* _Data for analysis_:
· · · · · · ·

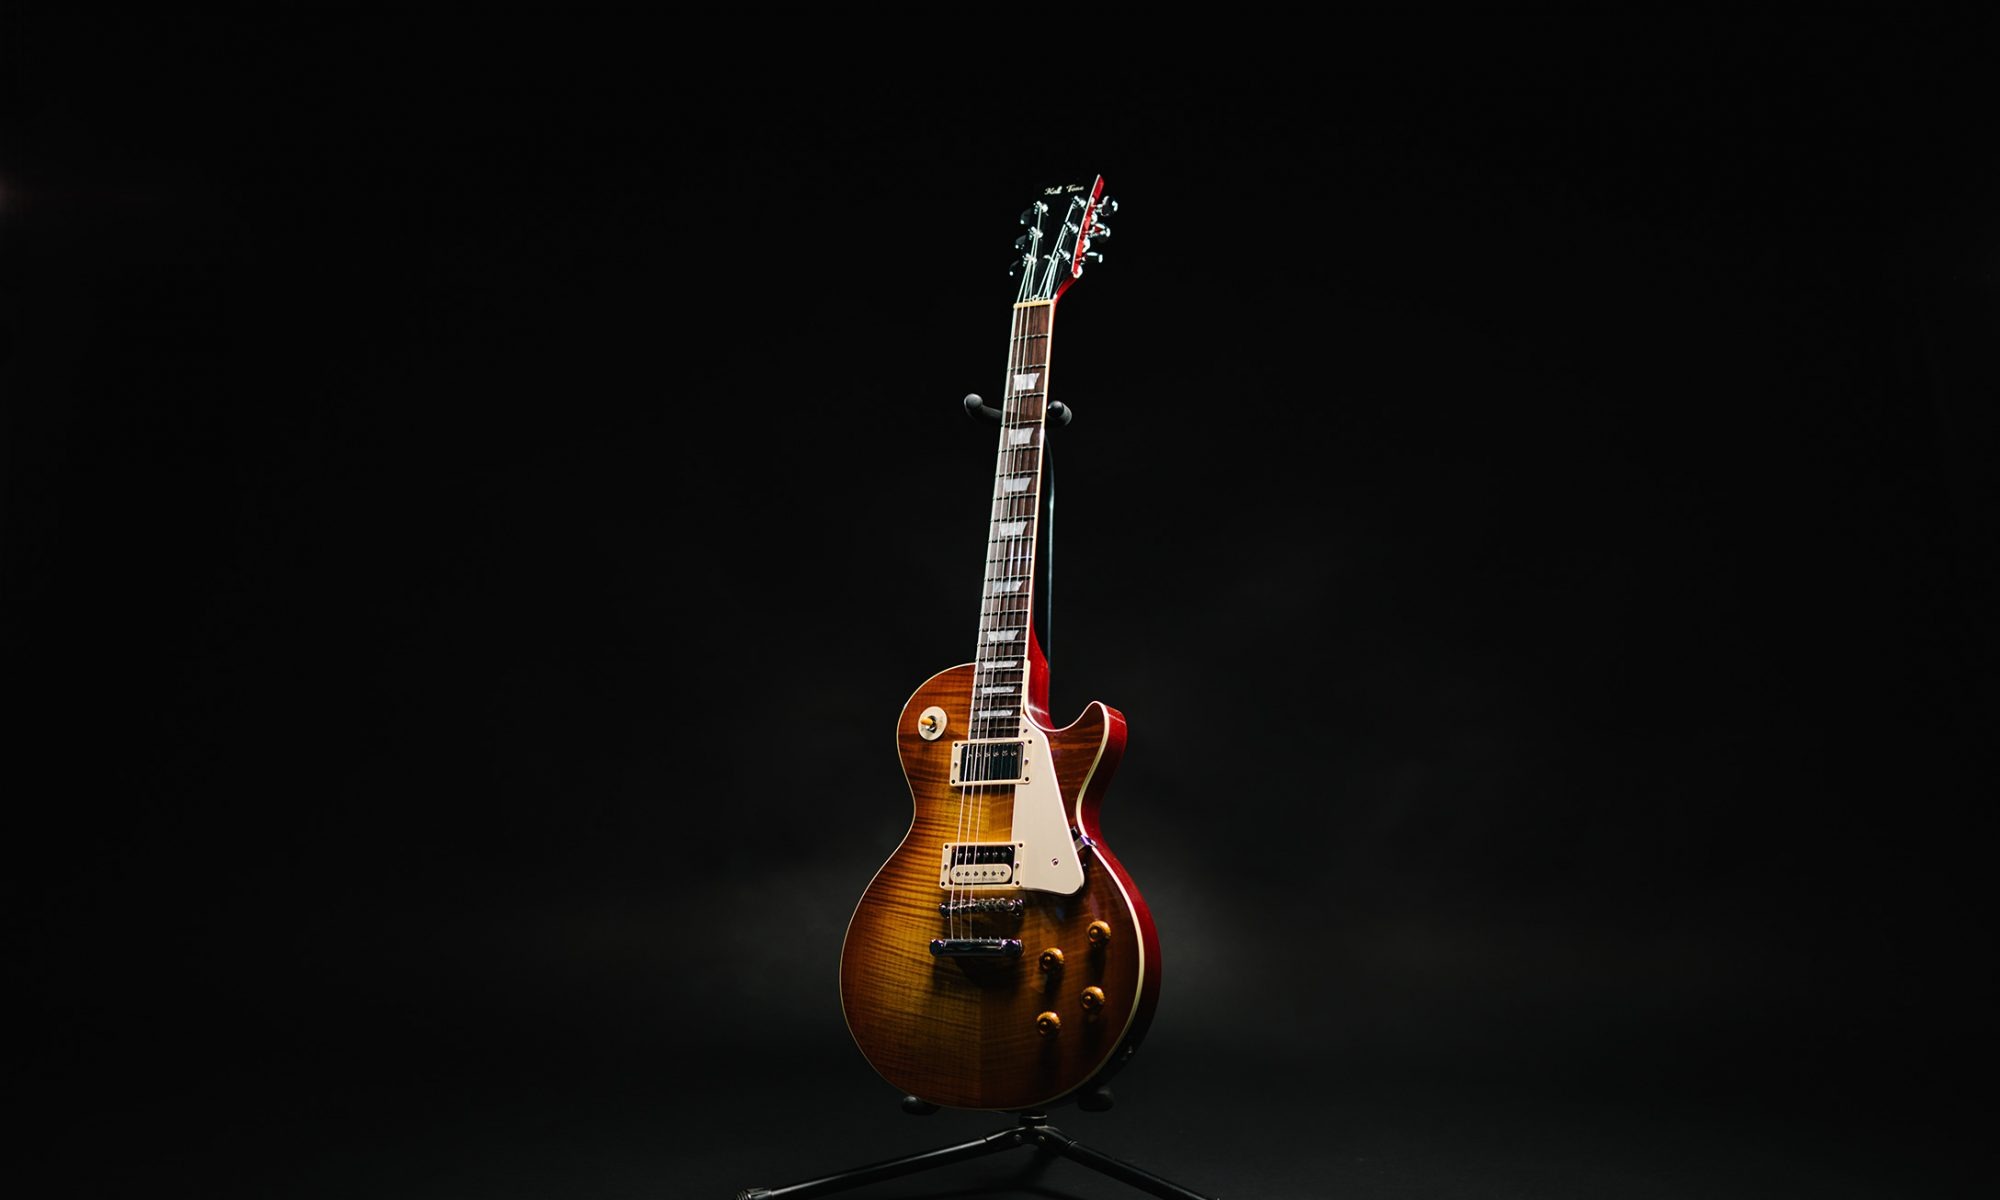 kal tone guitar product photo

· · · · · · ·

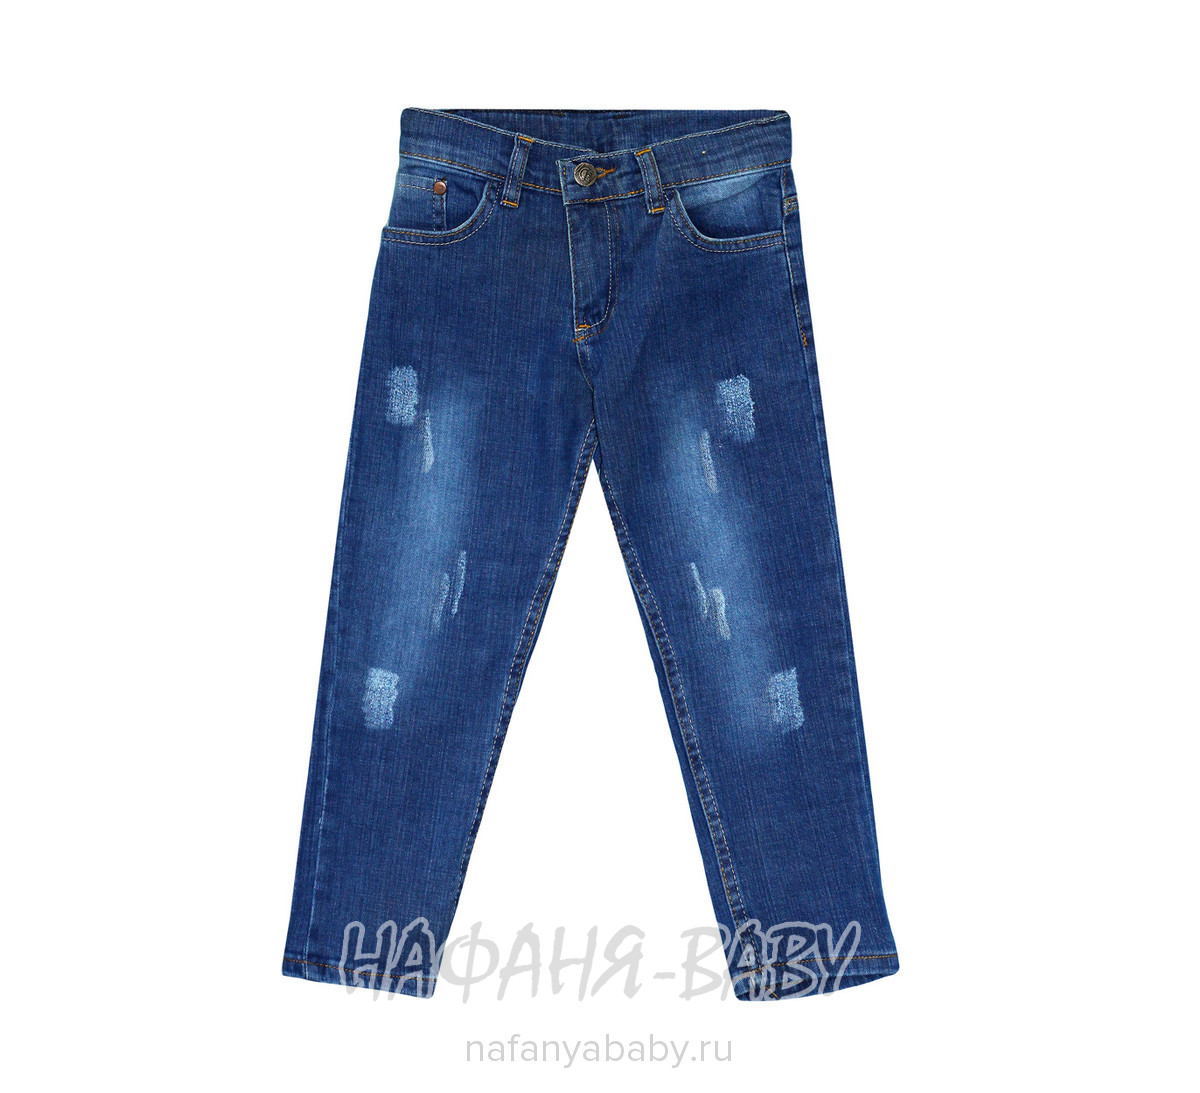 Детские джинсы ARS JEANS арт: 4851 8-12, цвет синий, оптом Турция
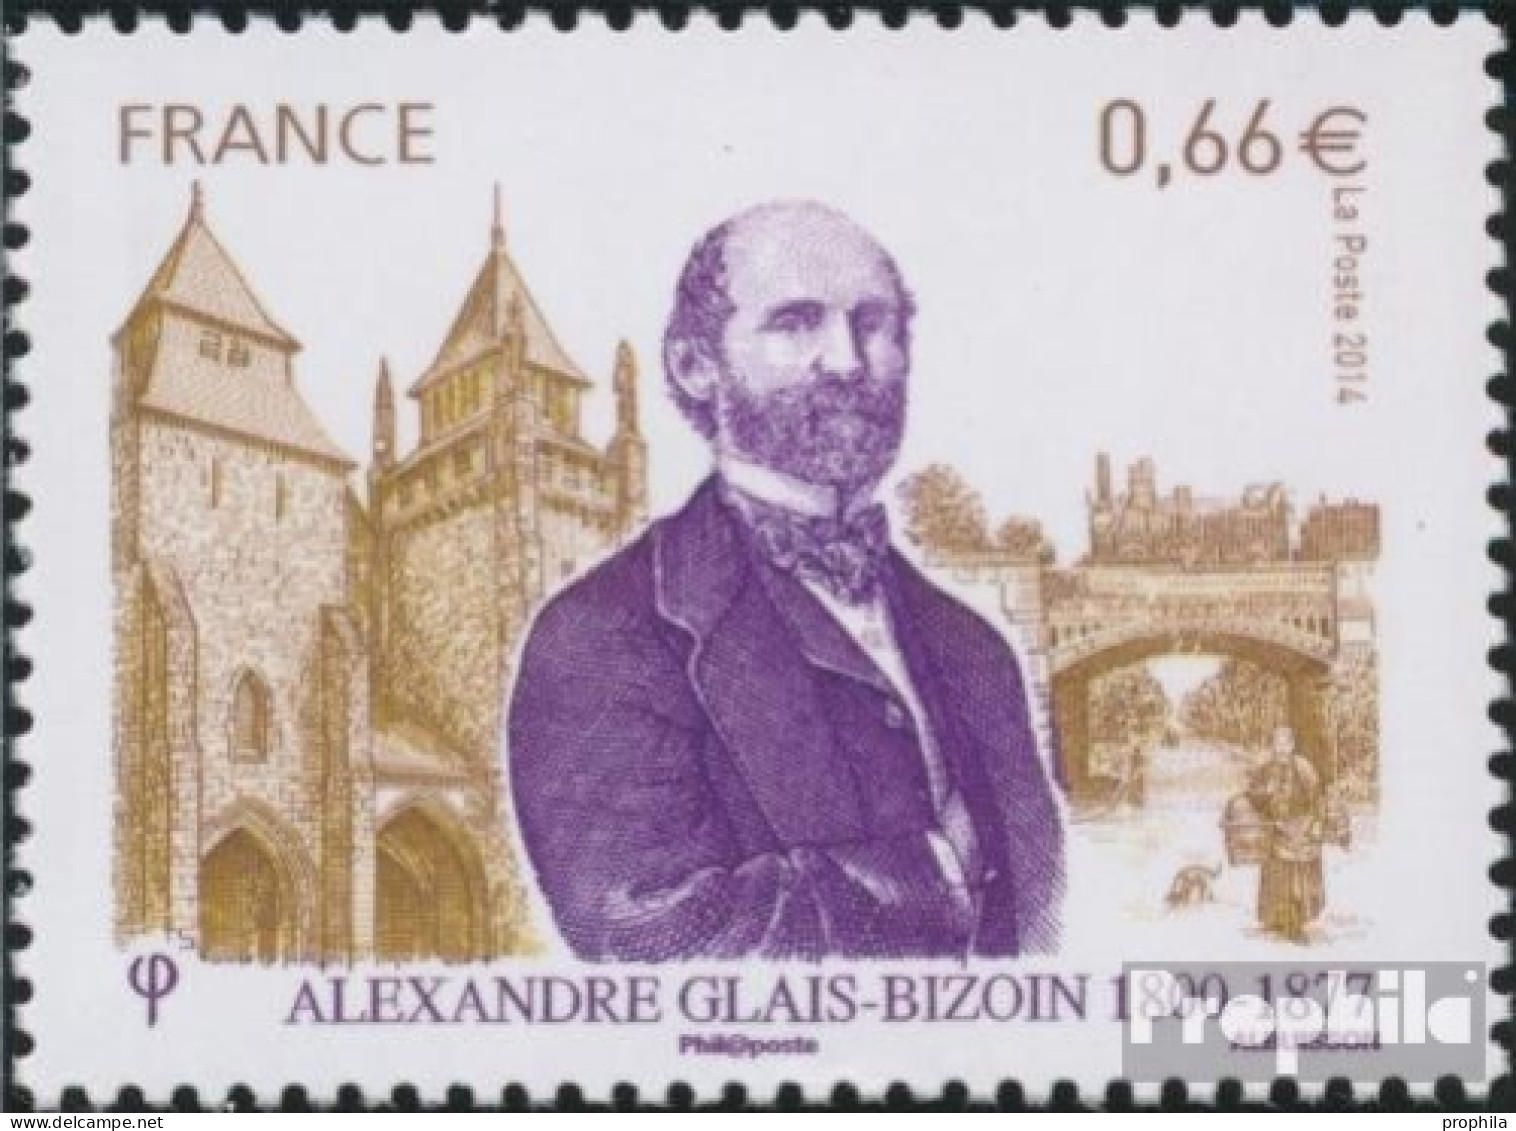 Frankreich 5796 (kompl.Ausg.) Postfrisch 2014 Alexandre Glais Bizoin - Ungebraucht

· · · · · · ·

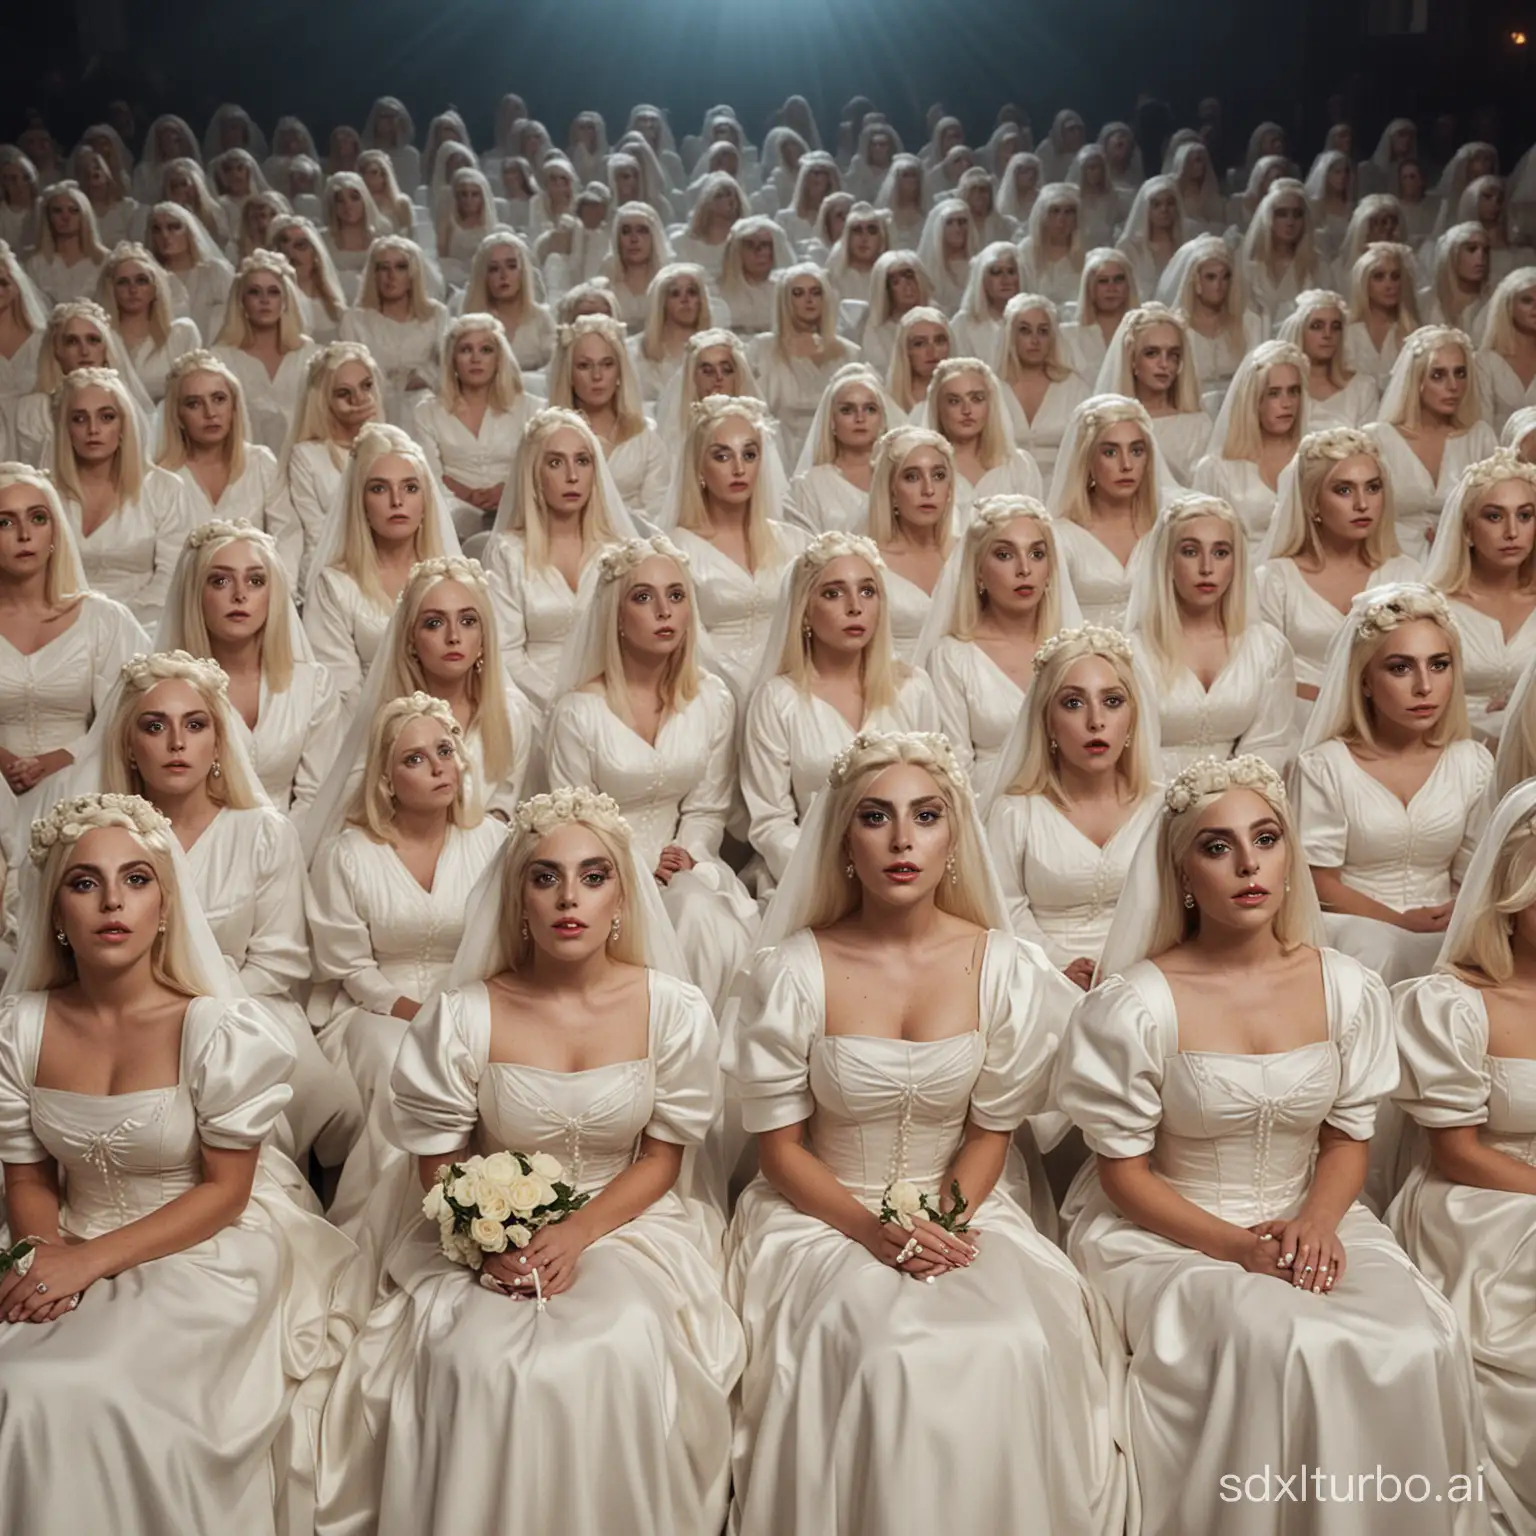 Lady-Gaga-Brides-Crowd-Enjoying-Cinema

· · · · · · ·

* _What you have to do_:
Precisely those lines above that run from the line with "Детские джинсы ARS" up to and including the line with "Frankreich 5796 (kompl.Ausg.)" are to be set down, with the pictures omitted.

* _Solution to the exercise_:
 Детские джинсы ARS JEANS арт: 4851 8-12, цвет синий, оптом Турция
 Frankreich 5796 (kompl.Ausg.) Postfrisch 2014 Alexandre Glais Bizoin - Ungebraucht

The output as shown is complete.